I have seen them jump chasing ghost shrimp.


----------



## ikuzo (Jul 11, 2006)

aren't piranhas too big for my 100?

any plants sugestion that will be nicely in a boesemani rainbow setup?


----------



## crabcake (Dec 19, 2007)

wow, that's gonna be a cool set-up. you are very creative. i have always liked the idea and appearance of integrated sumps.

sorry i do not have any plant suggestions. do you have any waterways nearby where you can look for examples of local flora.

and what did you use for the front panel? is it glass or acrylic?


----------



## fshfanatic (Apr 20, 2006)

ikuzo said:


> aren't piranhas too big for my 100?


Depends on the species.


----------



## mistergreen (Dec 9, 2006)

YOu might want to rethink tiger botias... They're pretty aggressive. how about clown loaches or a school of the small botias.

Rainbows are pretty as heck but they have no personality.


----------



## ikuzo (Jul 11, 2006)

crabcake
there are no clean streams nearby as i live in a city. the front is 12 mm thick of glass.

fshfanatic
i don't think i'm gonna use piranhas but what piranha species are small enough to fit in 100 gallon?

mistergreen
what do you mean by no personality? clown loach is a great idea.


----------



## fshfanatic (Apr 20, 2006)

Really depends on how many you wish to keep. I kept 18 red bellies in a 150 for a couple yrs. Granted they did out grow the tank finally.


----------



## mistergreen (Dec 9, 2006)

Rainbows are like really pretty girls.. Fun to look at but not great in a conversation. 
All rainbows do are chase each other. 
You know what I'm talking about when you compare the behavior of a clown loach with a rainbow.


----------



## ikuzo (Jul 11, 2006)

mistergreen said:


> Rainbows are like really pretty girls.. Fun to look at but not great in a conversation.
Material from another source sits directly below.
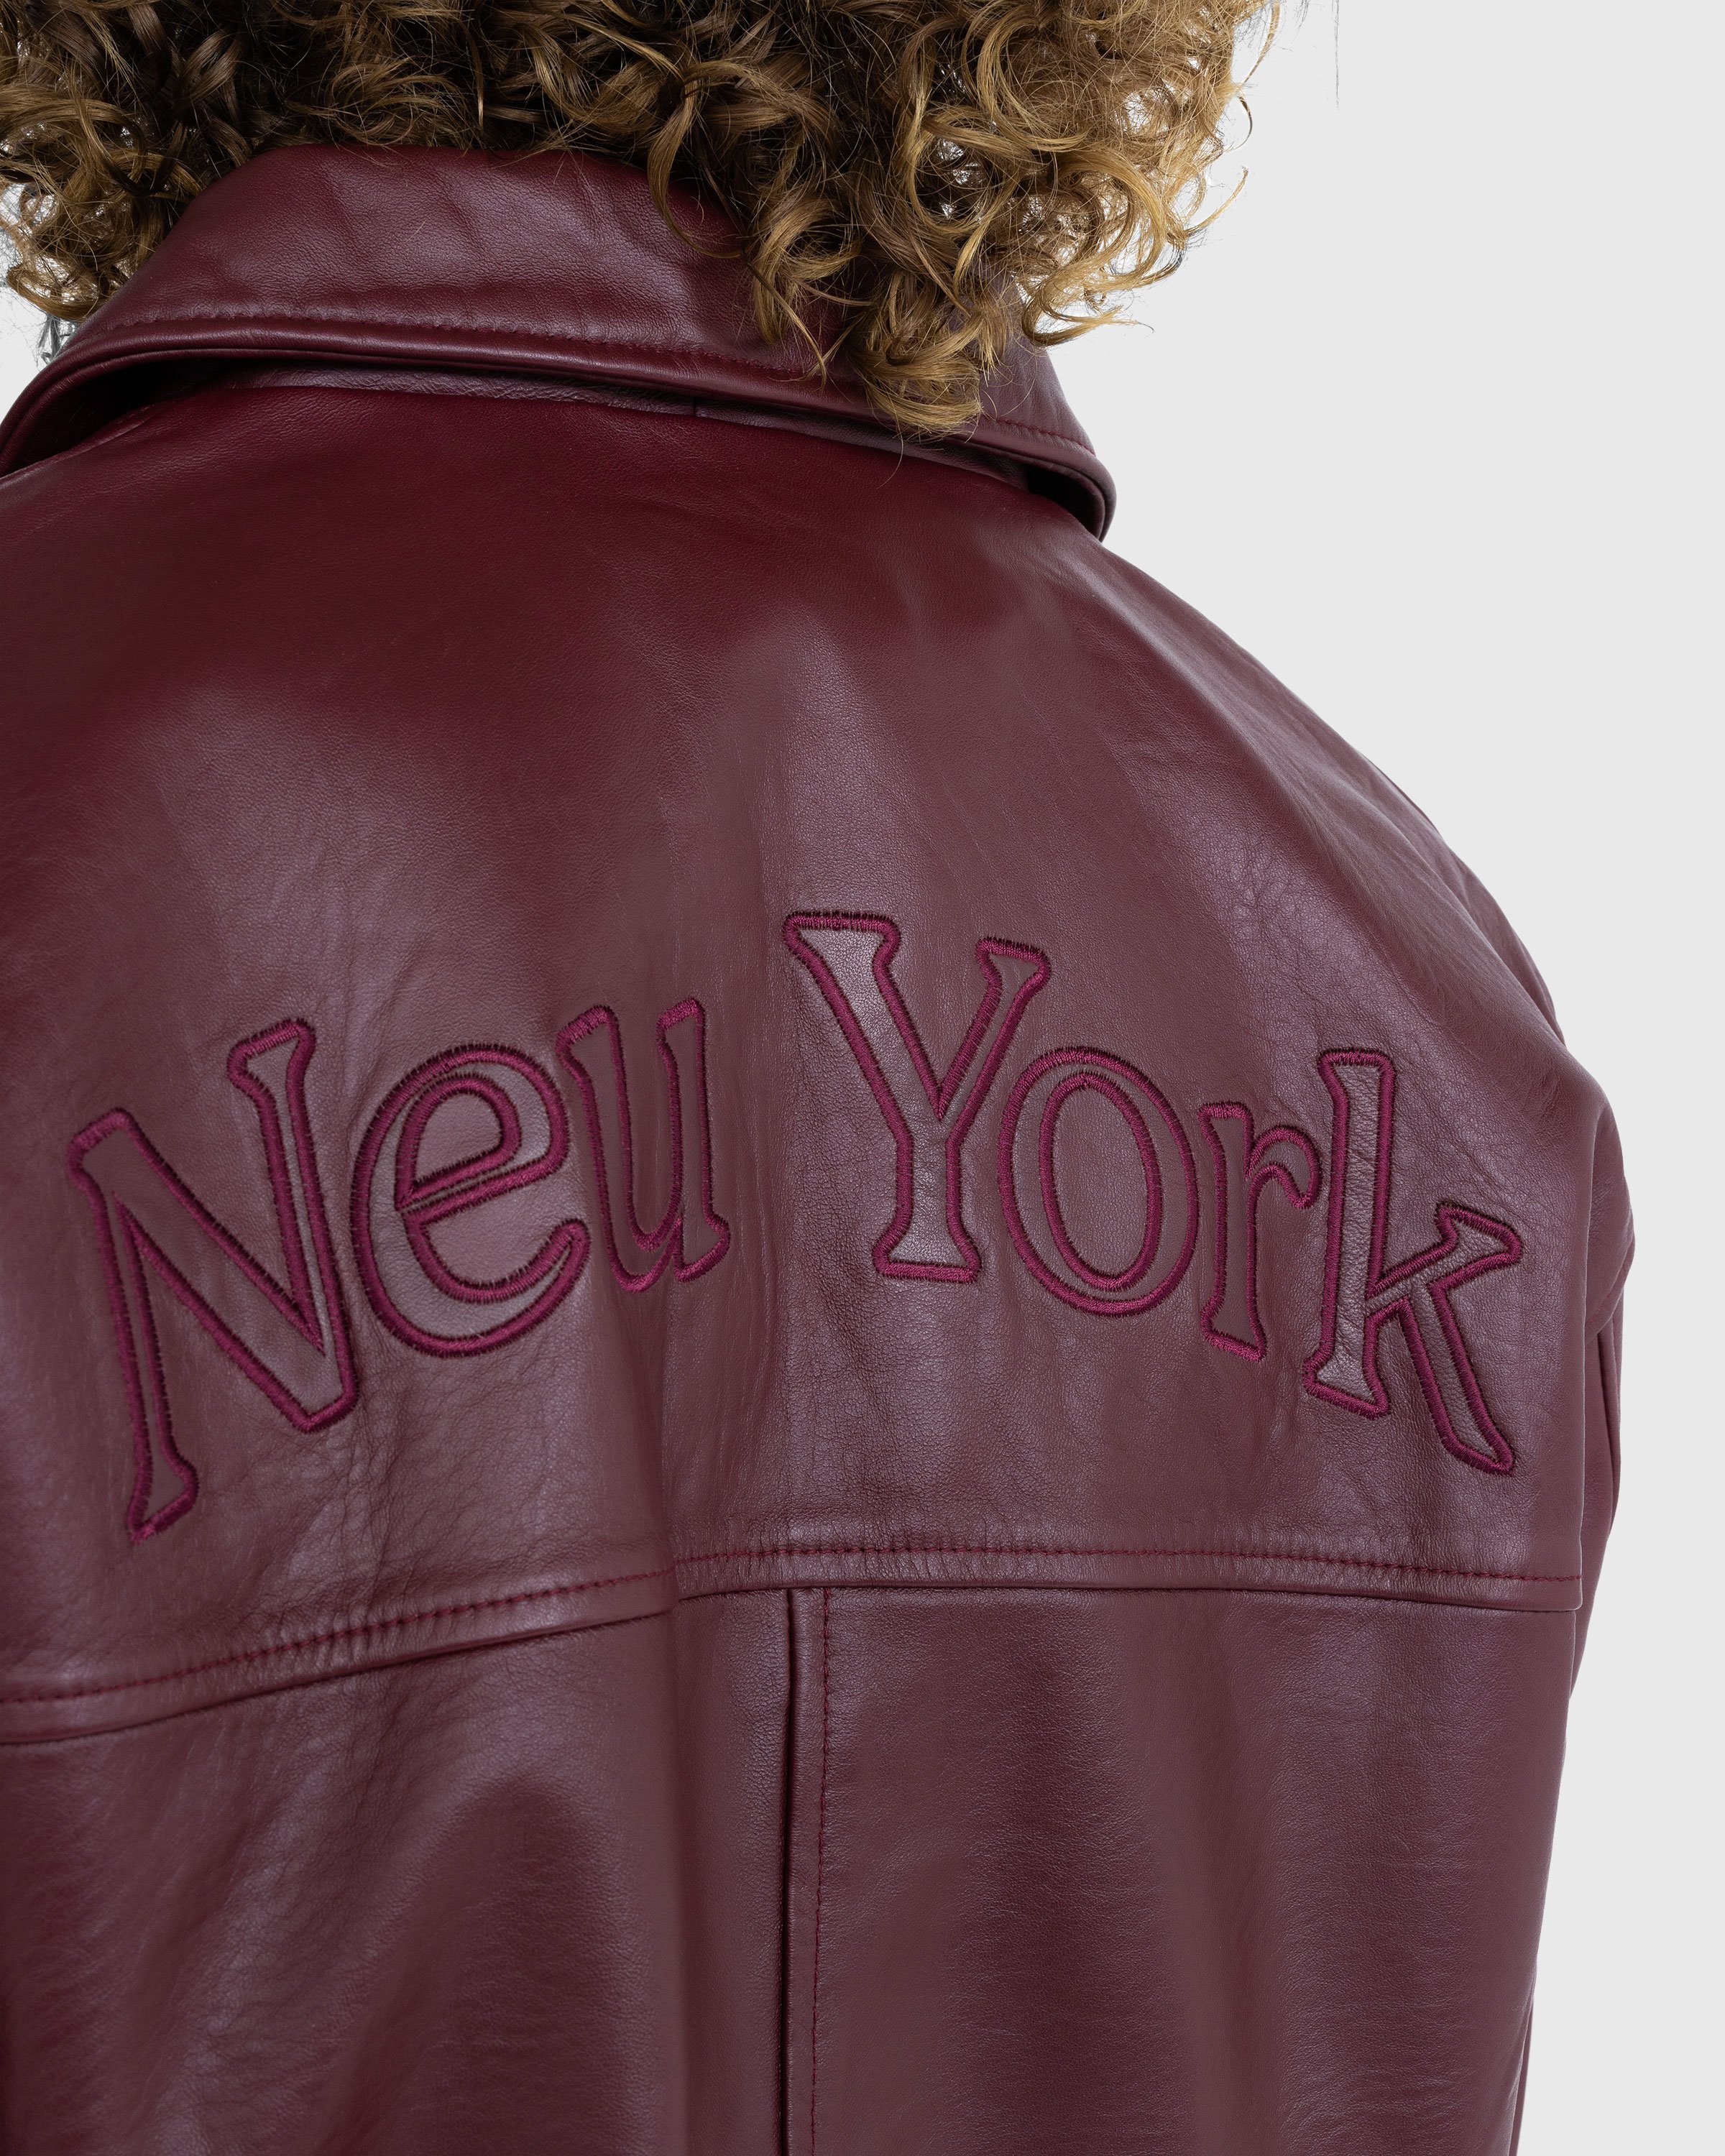 Highsnobiety - Neu York Leather Jacket Burgundy - Clothing - Red - Image 5

lol now i completely get the idea.

anyway i searched rainbow's native around new guinea and found that plants should be some vallisneria and ferns. i think i have an idea on how the scape should be


----------



## mistergreen (Dec 9, 2006)

I had this bookmarked
http://fish.mongabay.com/biotope_new_guinea.htm

http://badmanstropicalfish.com/biotope/biotope6.html


----------



## ikuzo (Jul 11, 2006)

the first link is the one i searched.

thanks for the second one!


----------



## dekstr (Oct 23, 2007)

Cool looking tank!

No one is talking about the sump!

I read a very long article on reefcentral about sumps. That forum is doing maintenance right now, so no link yet.

Basically the bigger the sump, the more stable the tank will be since there is more water volume. So bigger is better in this case. Ideally, it could be as big as the main tank.

As for fish, it seems that pirahnas are interesting the first 15 minutes you watch them, then afterwards they're not much to look at. It'd impress your non-fish friends for sure though.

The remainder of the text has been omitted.